▶ **Required action**: Make an exact copy of the listing so that no picture is carried over.

▶ **Input data**:
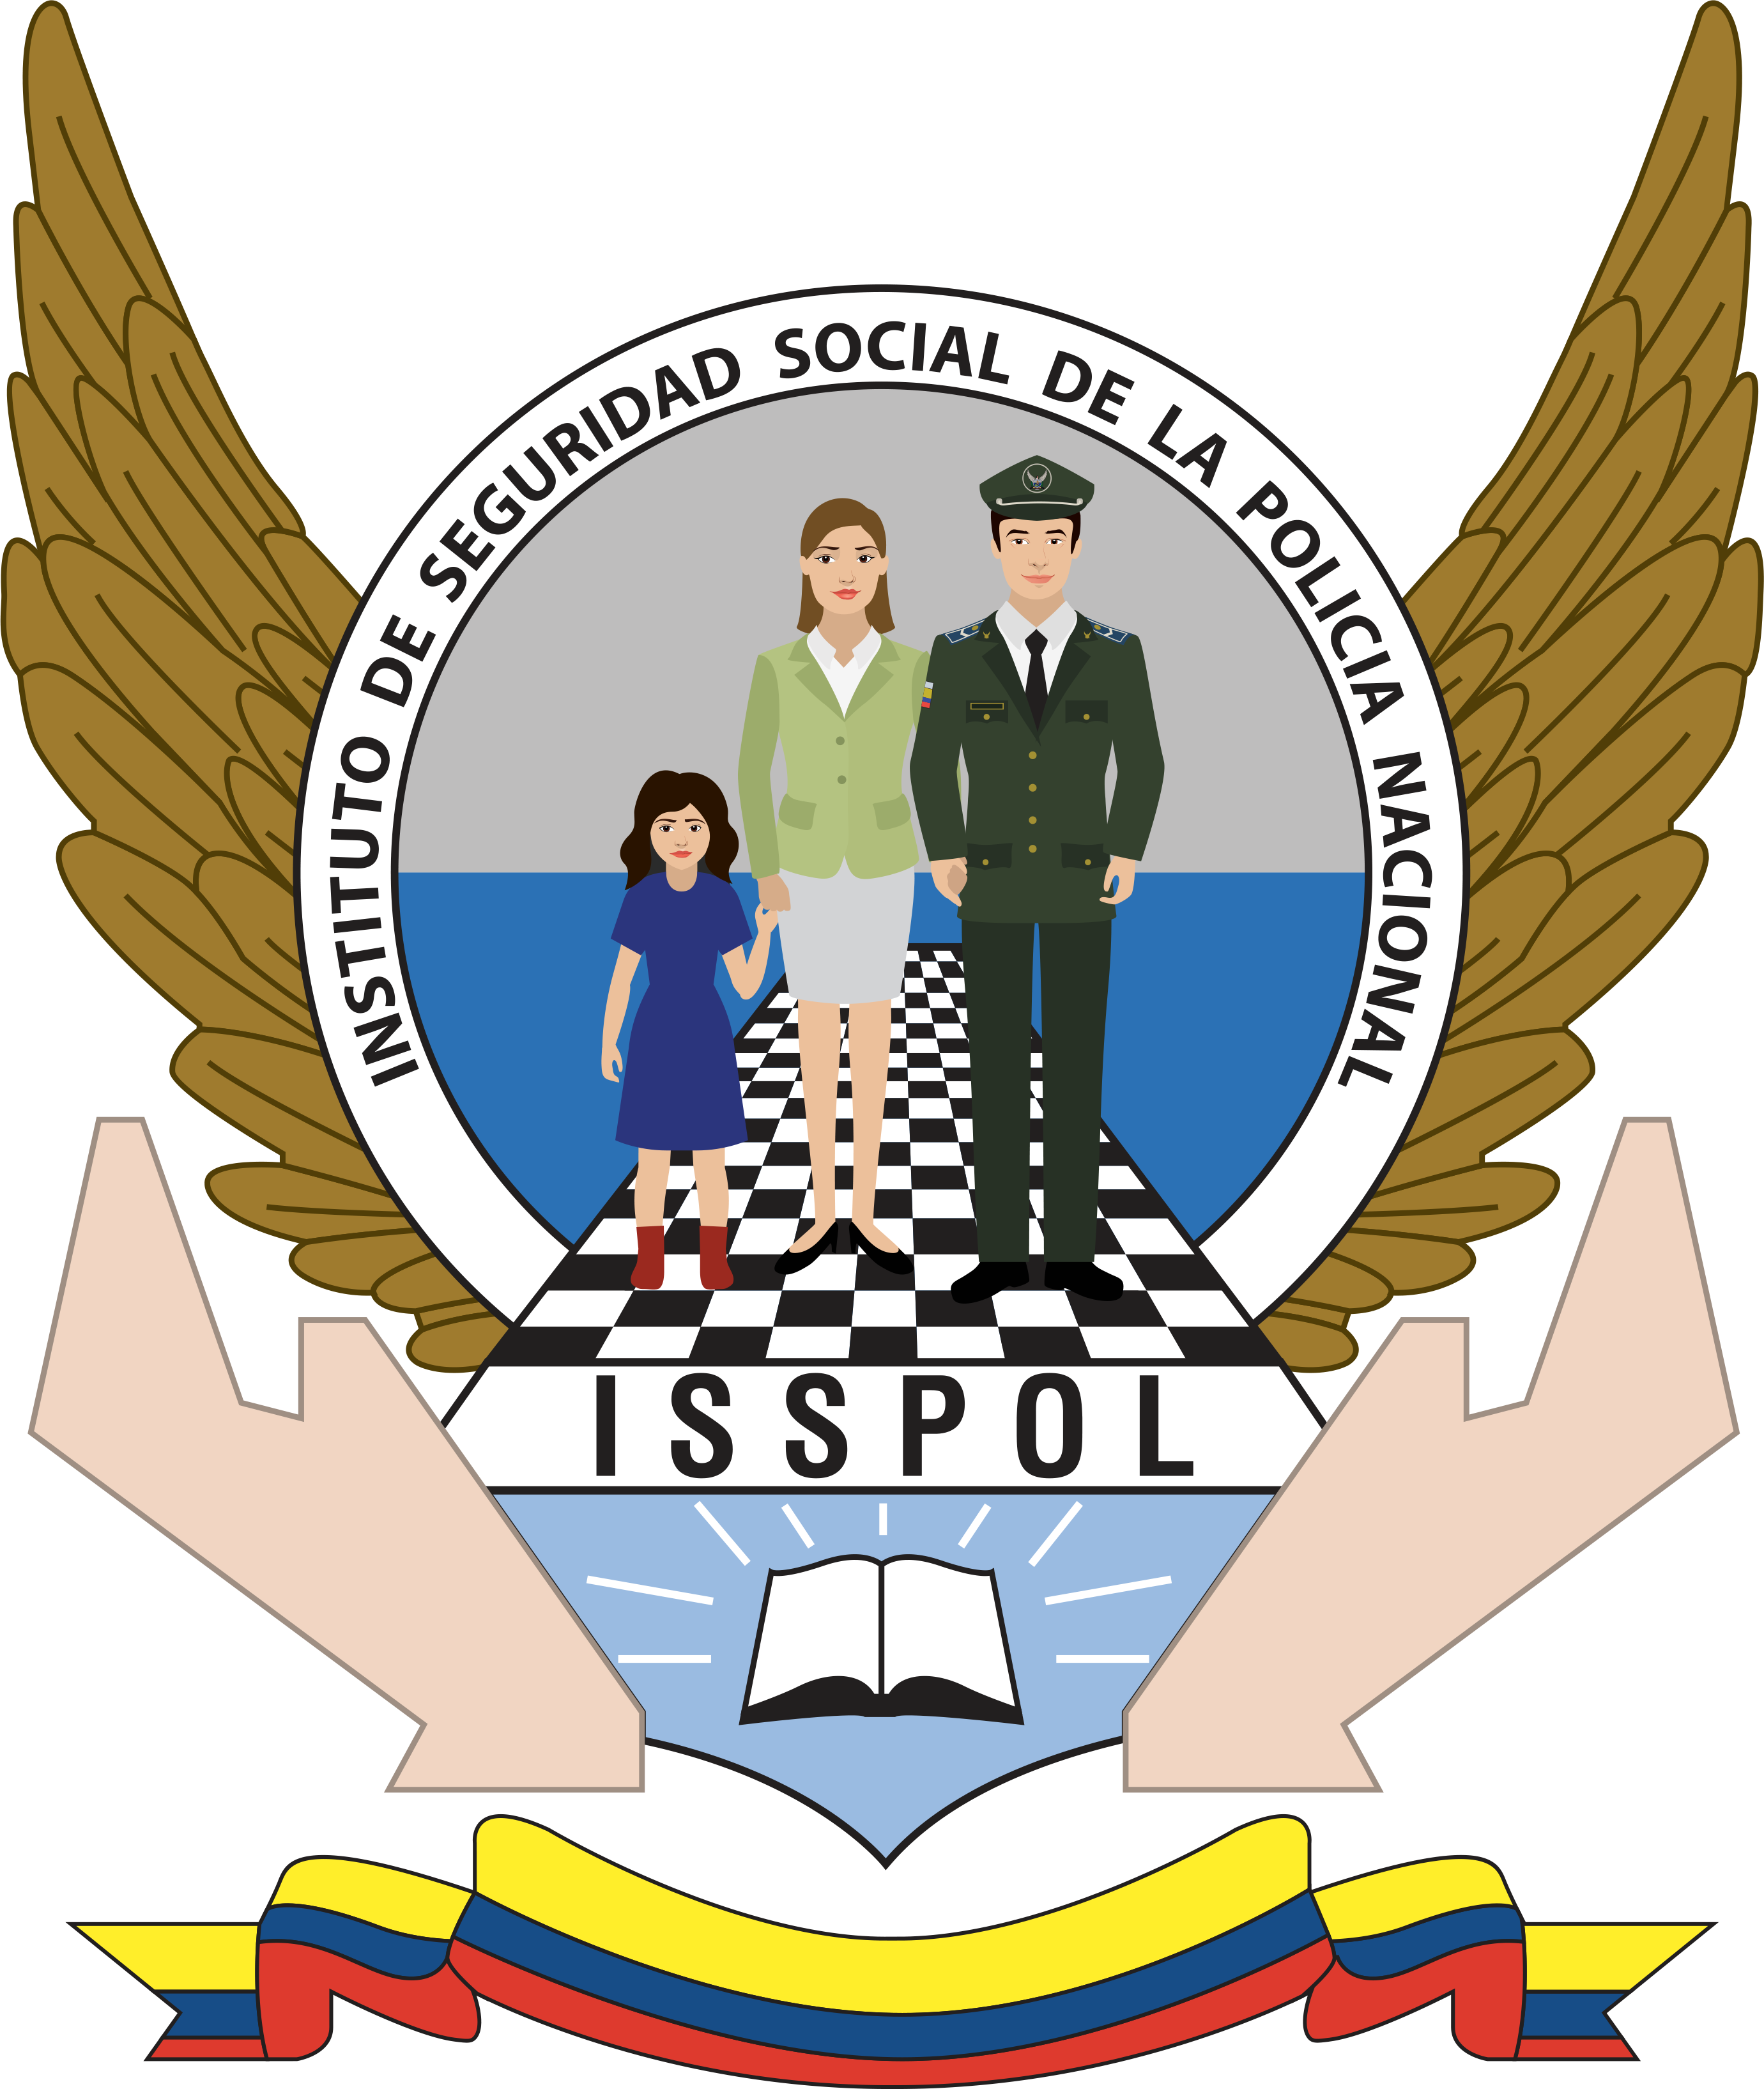 ISSPOL
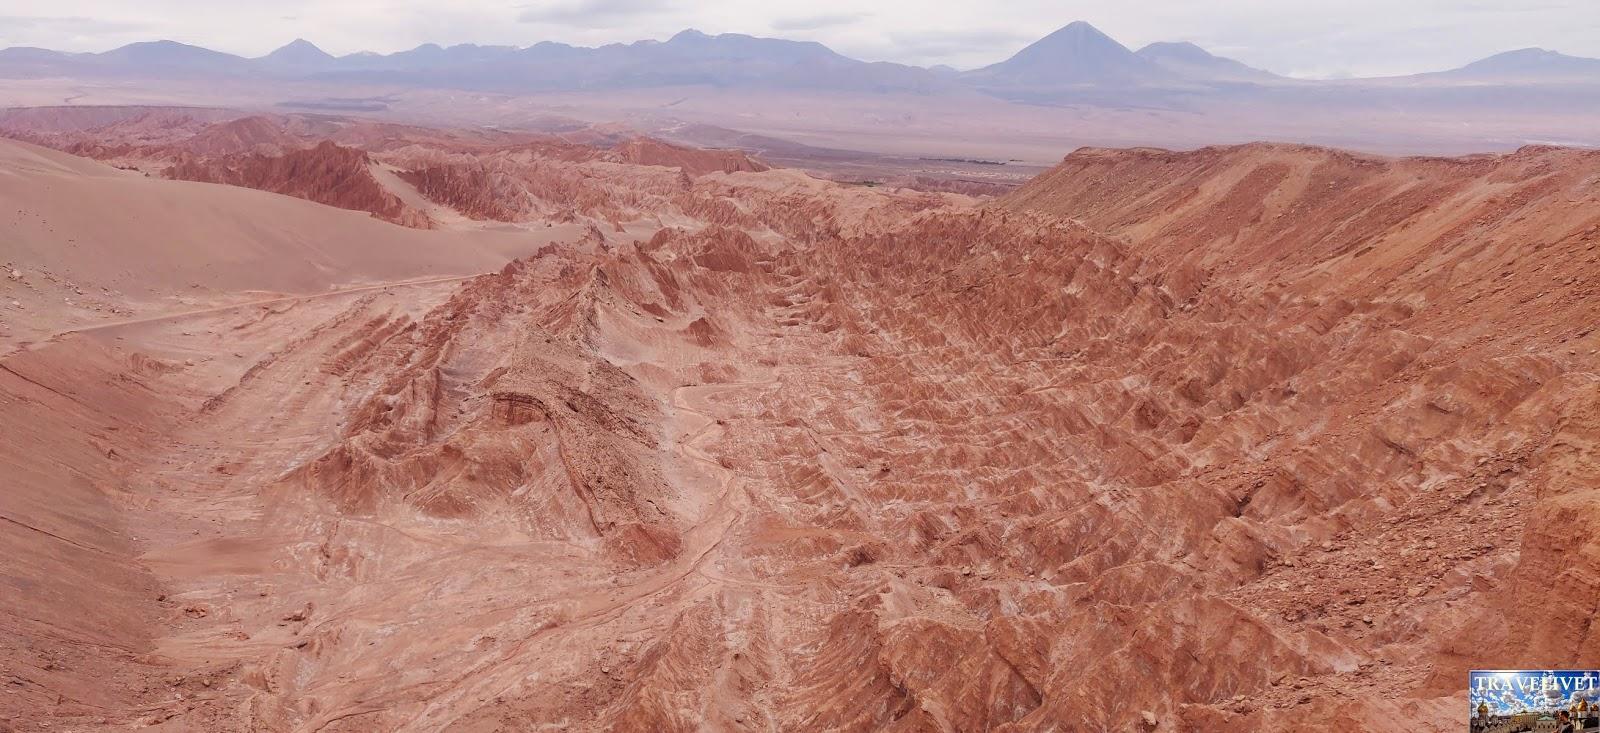 Chili Chile San Pedro de Atacama désert la vallée de la lune
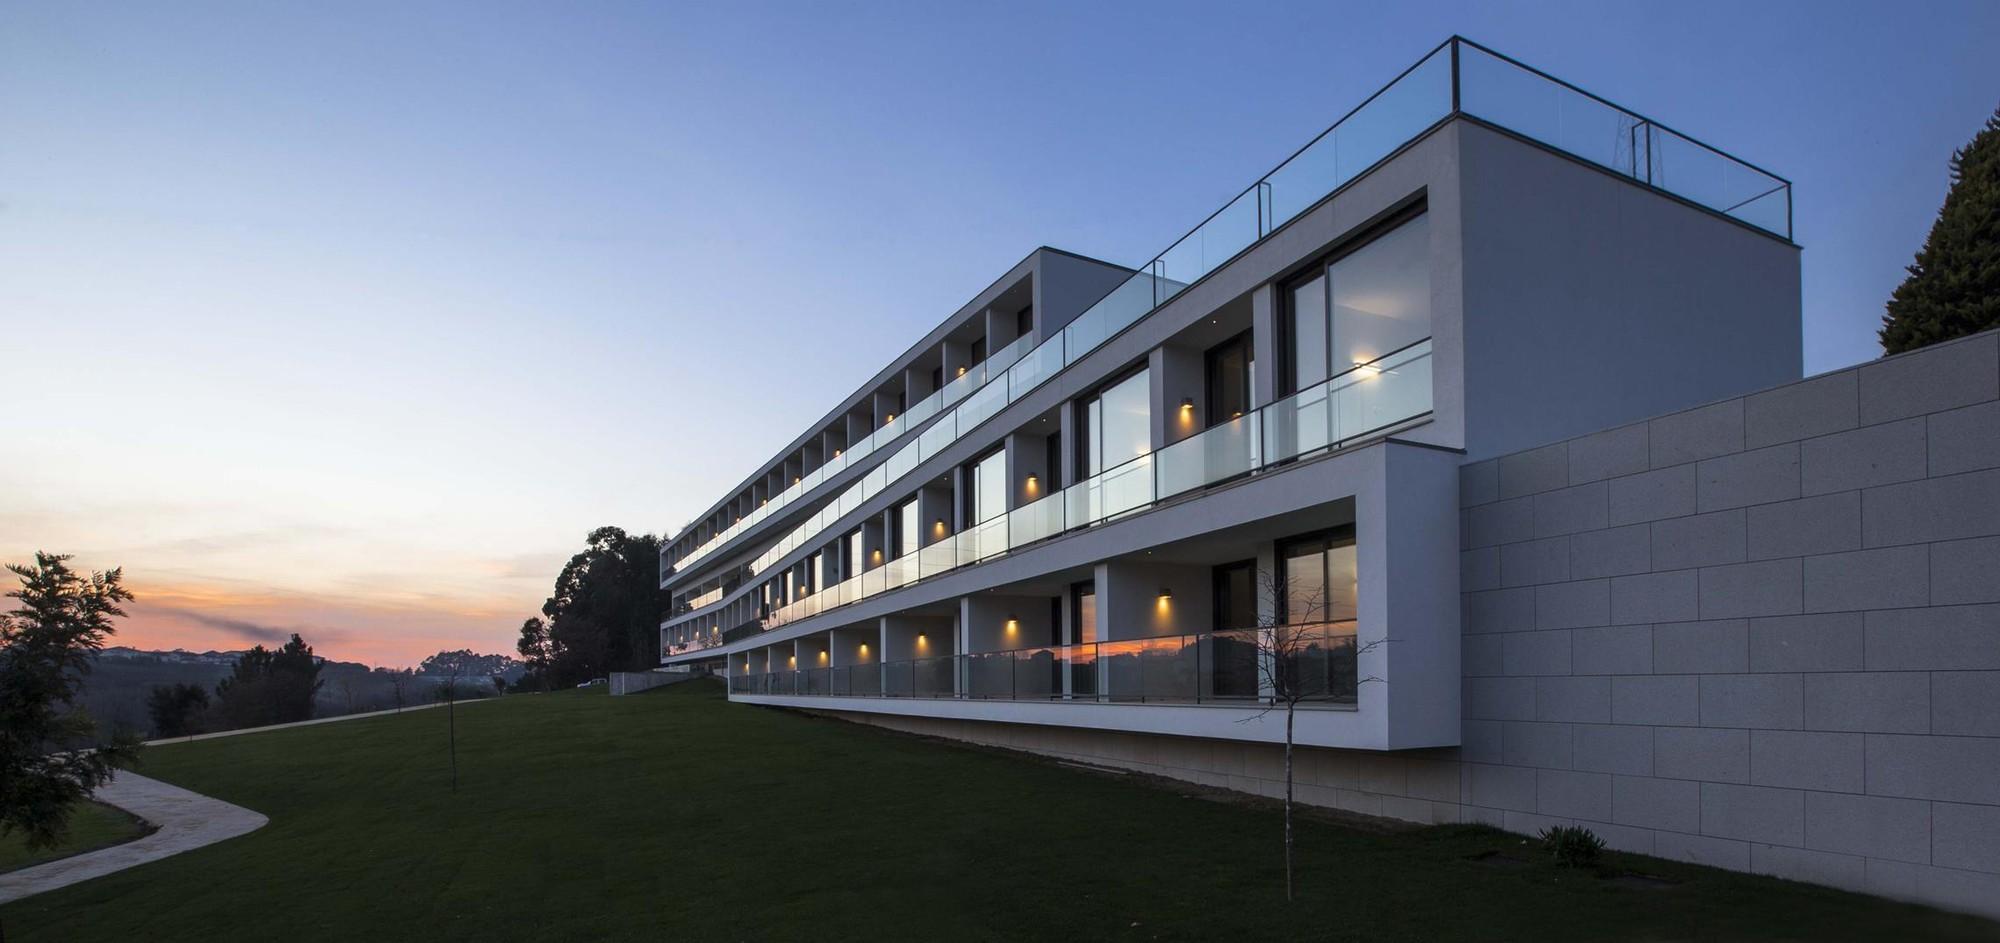 Lar Residencial Torre Sénior / Atelier d'Arquitectura J. A. Lopes da Costa, © Manuel Aguiar

▶ **Result**:
 ISSPOL
 Chili Chile San Pedro de Atacama désert la vallée de la lune
 Lar Residencial Torre Sénior / Atelier d'Arquitectura J. A. Lopes da Costa, © Manuel Aguiar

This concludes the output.